Çocuk eğitiminin özü, çocuğun doğasına saygı duymaktır… Mizacının onu var edişine zemin hazırlamaktır… Onu yönetmek ve yönlendirmek değil, onun kendisi olmasına olanak tanımaktır.
Sizin için kitap yazmak mı okumak mı daha keyifli bir süreç?
Benim için çocuk davranışlarını gözlemlemek, analiz etmek daha keyifli bir süreç. Çocuk davranışlarını gözlemledikçe hem kitap yazıyorum hem kitap okuyorum.
Kitabın Ortası okurlarına çocuk eğitimi alanında okumaları için tavsiye edebileceğiniz kaynak kitaplar var mı?

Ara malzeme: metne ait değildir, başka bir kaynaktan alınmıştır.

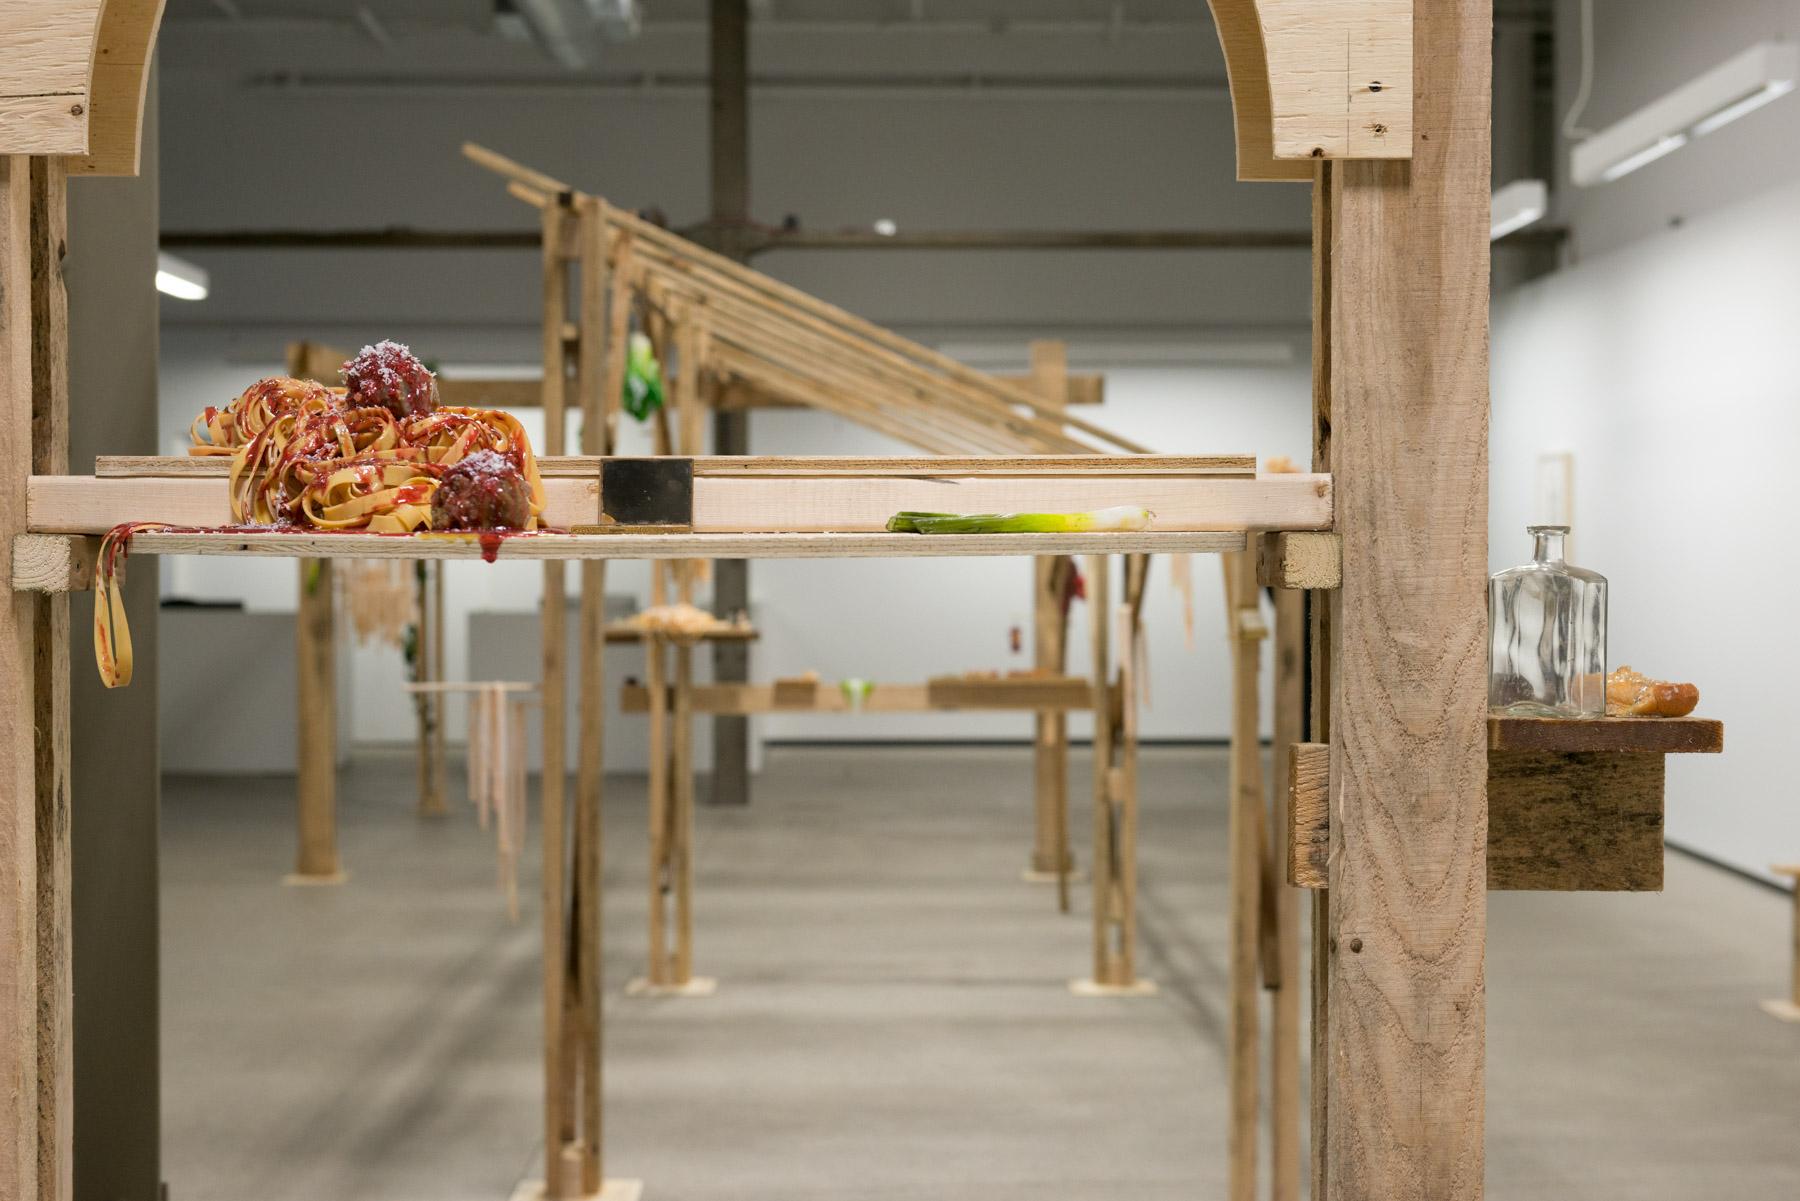 Cantina, 2016, bois, uréthane, objets et feuilles de vigne en plastique (Vue d'installation).

Size bu alanda 5 tane kitap önerebilirim:
- Alice Miller-Yetenekli Çocuğun Dramı,
- Daniel Siegel-Dramsız Disiplin,
- Nilüfer Devecigil-Işığın Yolu,
- Maia Szalavitz-Köpek Gibi Büyütülmüş Çocuk,
- Dana Suskind-Otuz Milyon Kelime.
Yakın zamanda okuduğunuz ve okurlarımıza tavsiye edebileceğiniz kitaplar var mı?
Yakın zamanda Mark Wolynn’in Seninle Başlamadı kitabını okudum, okurlarınıza da okumalarını tavsiye ederim.